Im Allgemeinen geht davon aus, dass die Ursachen zu je 30 Prozent bei Mann und Frau liegen, das können etwa missgebildete Samenzellen, hochstehende Hoden, verschlossene Eileiter oder Gebärmutterschleimhaut, die ausserhalb der Gebärmutter wächst (=Endometriose), sein. In 30 Prozent der Fällen sind sowohl bei Frau und Mann Faktoren für die Unfruchtbarkeit zu finden und in rund zehn Prozent sind keine organischen Ursachen nachweisbar. Hier kann nur Psychologie helfen. Oder ein Wunder.
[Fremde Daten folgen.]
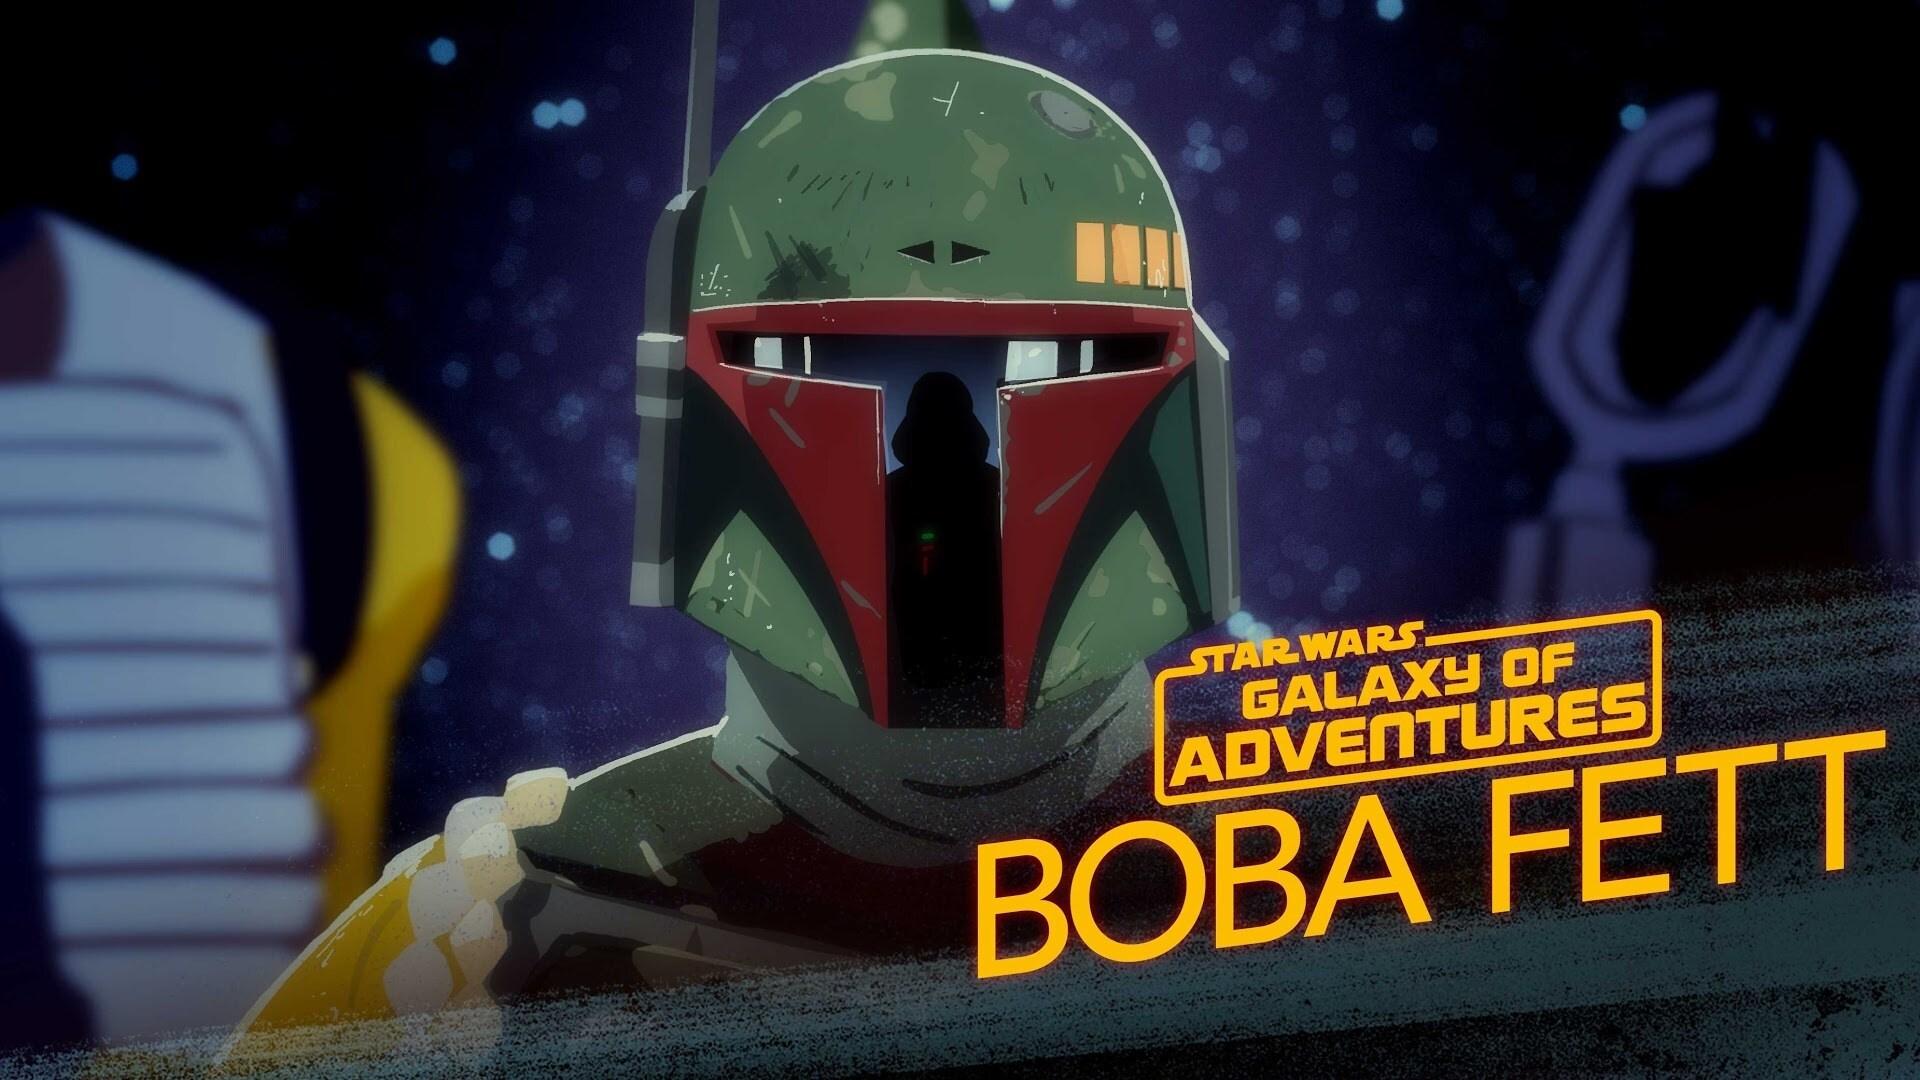 Boba Fett - The Bounty Hunter | Star Wars Galaxy of Adventures

Weiterführende Informationen

Insemination/ Invitro-Fertilisation

bj. Eine Insemination wird oft durchgeführt, wenn die Ursache der Unfruchtbarkeit bei den Samenzellen liegt. Entweder sind Anzahl und Beweglichkeit eingeschränkt oder sie sind verformt. Über einen dünnen Schlauch werden die Spermien beim Eisprung direkt in die Gebärmutter eingeleitet. Eine Invitro-Fertilisation kommt in Frage wenn zum Beispiel die Eileiter irreparabel geschädigt sind oder eine schwere Endometriose vorliegt. Mit Hormonen werden die Eierstöcke zur Eizellproduktion angeregt. Mit Hilfe des Scheidenultraschalls werden die Eizellen abgesaugt und die Befruchtung erfolgt ausserhalb des Mutterleibes: Alle Eizellen werden in einer Glasschale mit den Samenzellen zusammengebracht und zwei Embryonen im Vier- bis Achtzellstadium mittels feinem Katheter in die Gebärmutter injiziert.